Typical advancement path for a foster care social worker
Those without master's degrees might first work as assistants, handling paperwork and putting in some supervised face time with youth and families. Social workers with master's degrees will likely begin their careers as caseworkers or case managers, working to match children with foster parents and foster families, and supporting both children and adults through the foster care process by providing mental health support, parenting guidance and regular check-ins.
After working in foster homes, a foster care social worker might move into a supervisory position, managing more junior social workers as they carry out that same role. Senior foster care social workers might lead agencies, working in director-level roles managing the administrative side.
A foster care social worker may also go on to work in other areas of social work, becoming a clinical social worker, moving into specialized areas such as substance abuse or domestic violence, focusing exclusively on mental health services, etc.
While the roles may differ, they all require a commitment to child welfare and support services. Foster care social workers need a healthy amount of empathy, as well as an ability to cut through red tape and make things happen. They work both independently and within groups, and must be able to work with a variety of people of all ages, managing difficult personalities to keep the peace. It's a tall order, but it can be the right fit for the right person.
Further accreditation or education for a foster care social worker
After completing a master's degree social work program and gaining licensure, LMSWs must keep up by taking Continuing Education Units (CEUs), which help a social worker to develop and stay up-to-date on new interventions.
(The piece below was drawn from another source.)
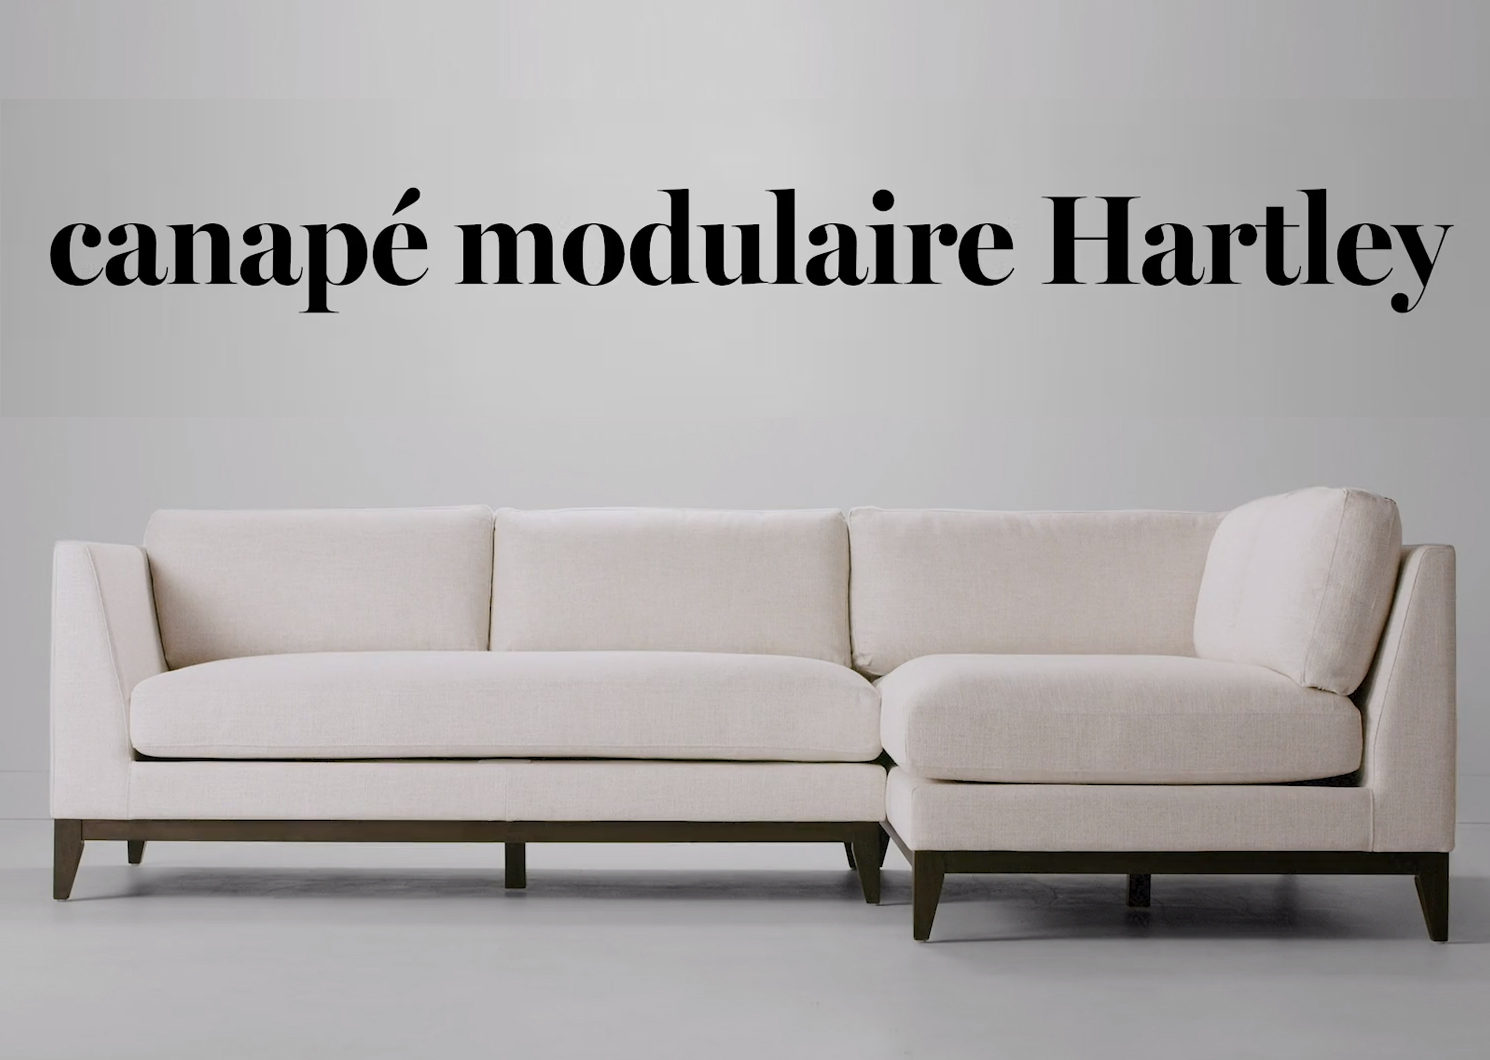 Canapé modulaire Hartley -Zeile lin

Earning clinical licensure can raise a social worker's salary and create options for further career moves. Foster care social workers who become clinical social workers might go on to become child and family therapists, child welfare social workers, or even school social workers, translating their experience with children into a different setting.
Those who wish to pursue school social work might seek out a Certified School Social Work Specialist, or C-SSW, credential. It's not always required for school social work positions, but it does demonstrate an understanding of the basics of school social work and social work ethics, an understanding of the school population, and familiarity with common interventions in a school setting. Earning the C-SSW is similar to earning clinical licensure: Eligible social workers must have a master's degree from an accredited social work program, at least two years of supervised experience as a school social worker in a school setting, and a valid social worker license.
A career in foster care social work can be a long, difficult journey. For those committed to improving the lives of vulnerable children, however, it's a challenge well worth undertaking.